## DATA UNDER STUDY
*-*-*

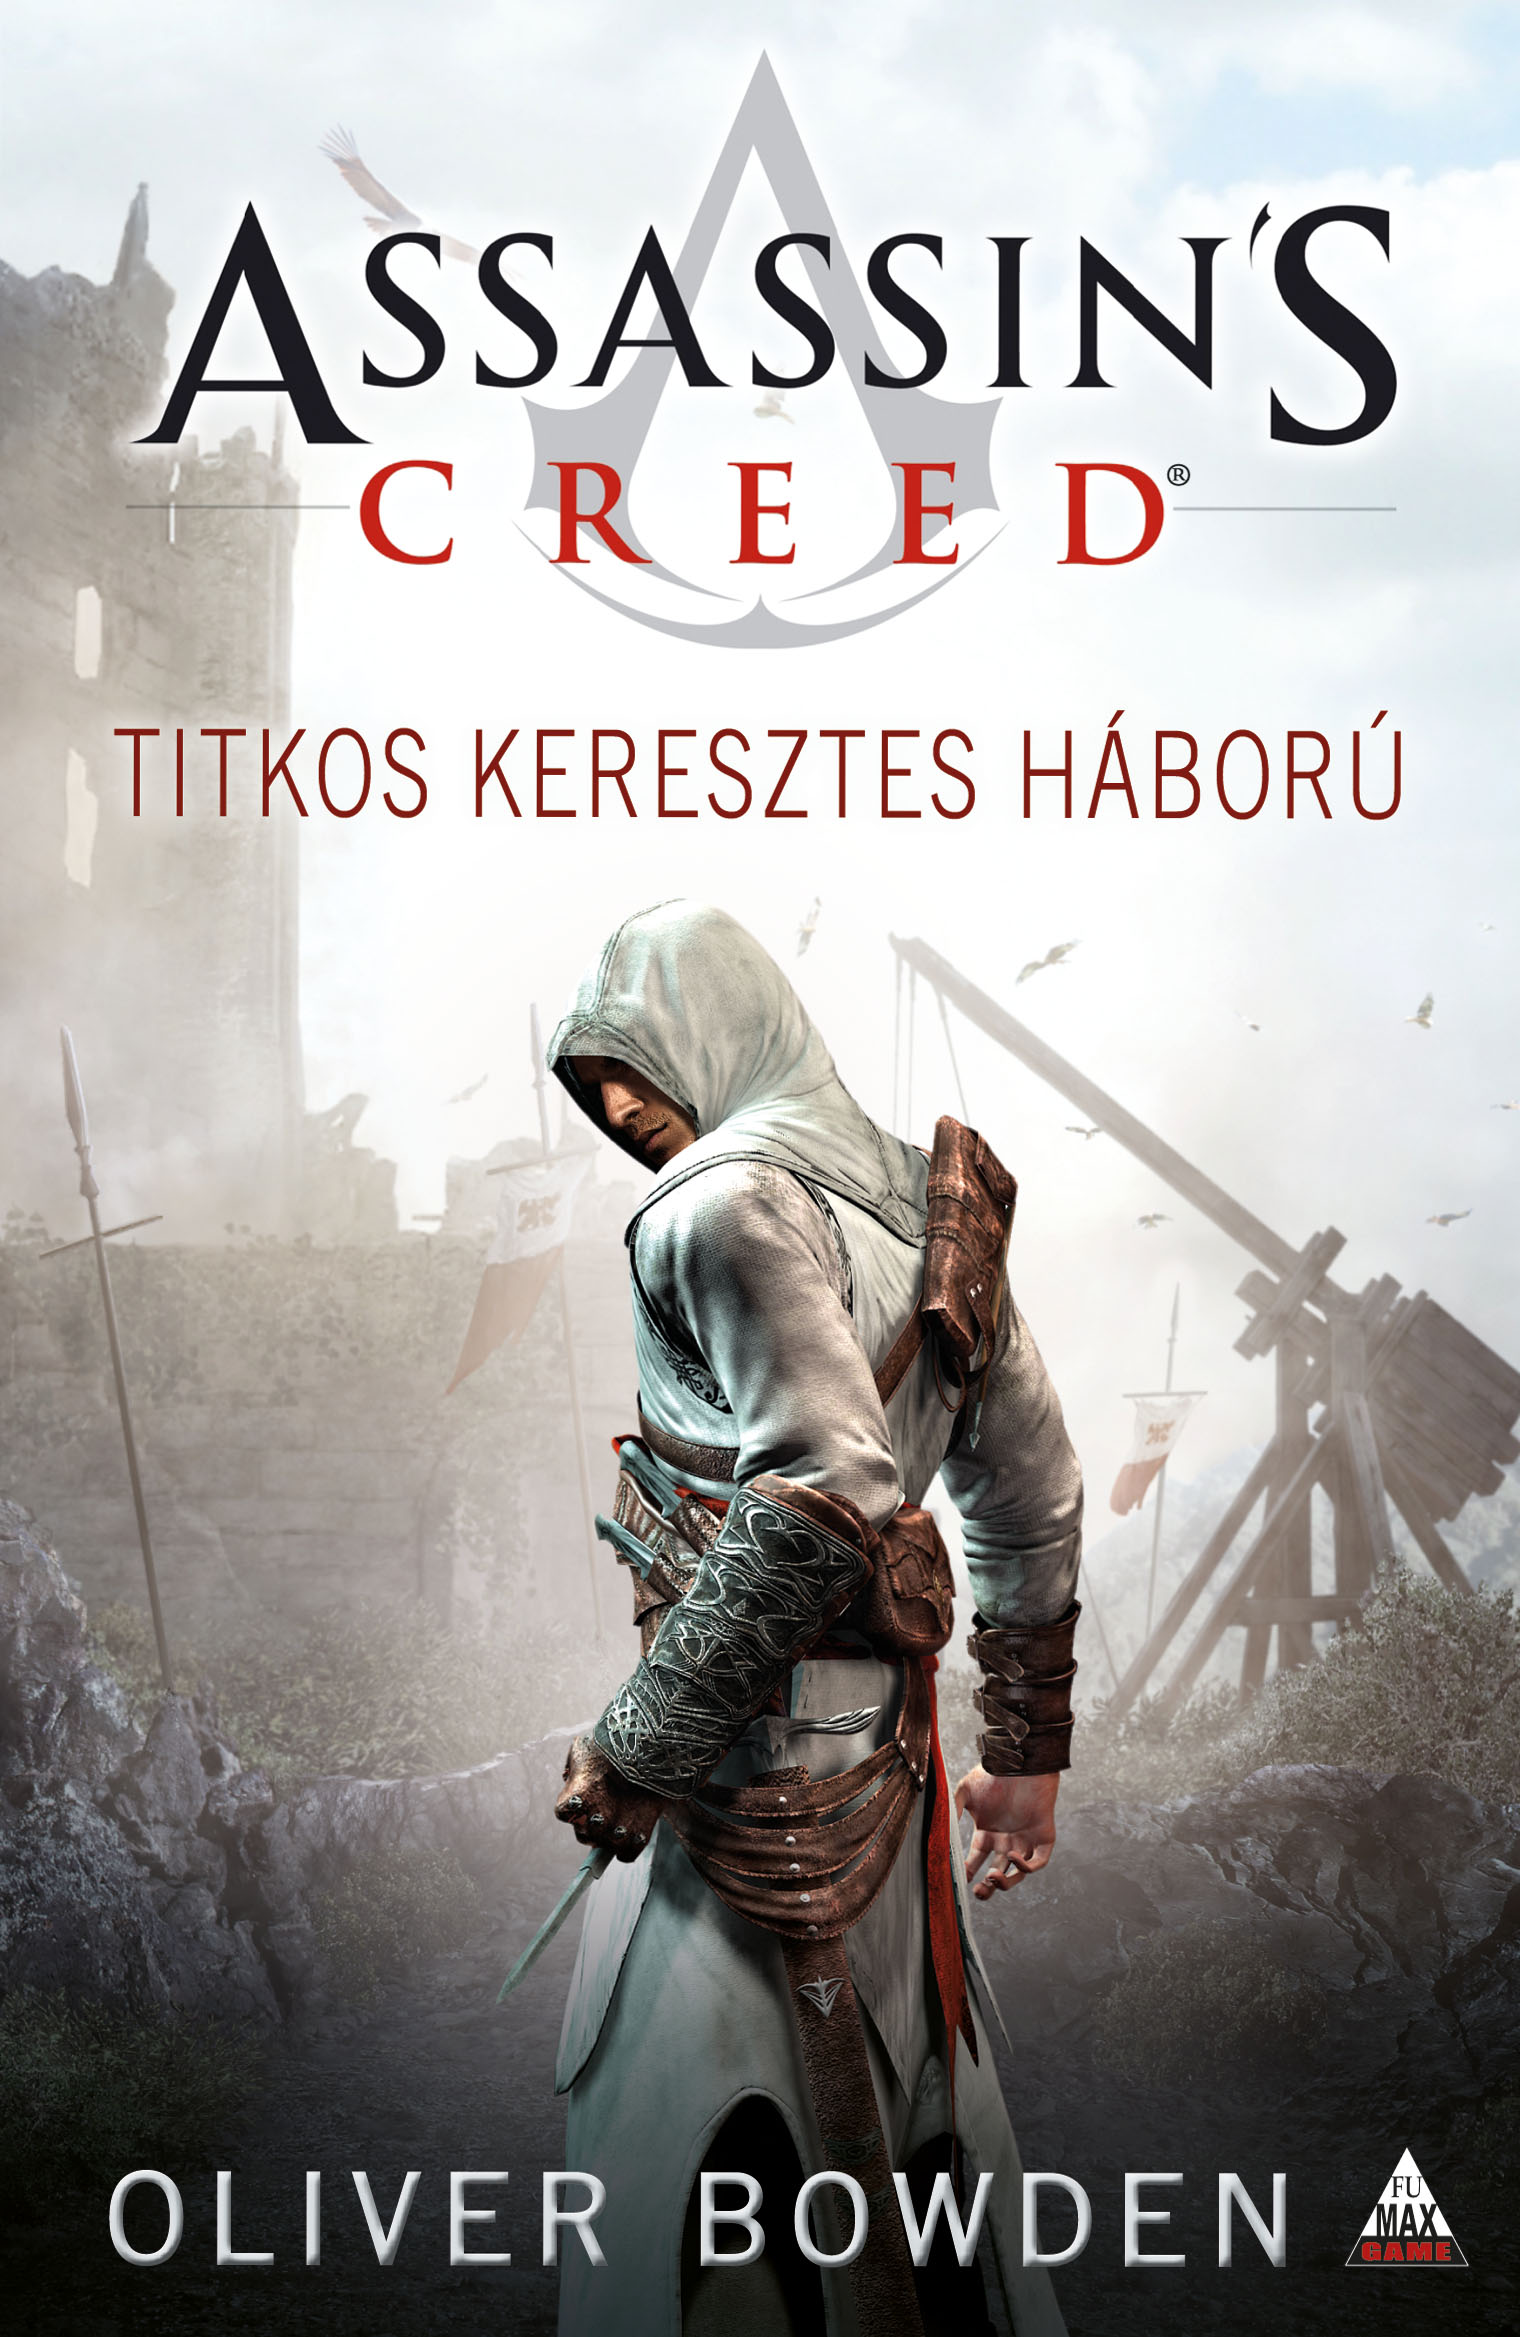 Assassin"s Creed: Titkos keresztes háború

*-*-*

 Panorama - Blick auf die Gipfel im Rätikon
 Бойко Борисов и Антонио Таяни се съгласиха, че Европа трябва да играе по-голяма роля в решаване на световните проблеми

*-*-*

## AIM OF THE TASK
Look above for the line with "Panorama - Blick auf die Gipfel im Rätikon" and the line with "Бойко Борисов и"; transcribe both and all lines in between, exactly, and nothing else.

## EXERCISE ANSWER
 Panorama - Blick auf die Gipfel im Rätikon
 Бойко Борисов и Антонио Таяни се съгласиха, че Европа трябва да играе по-голяма роля в решаване на световните проблеми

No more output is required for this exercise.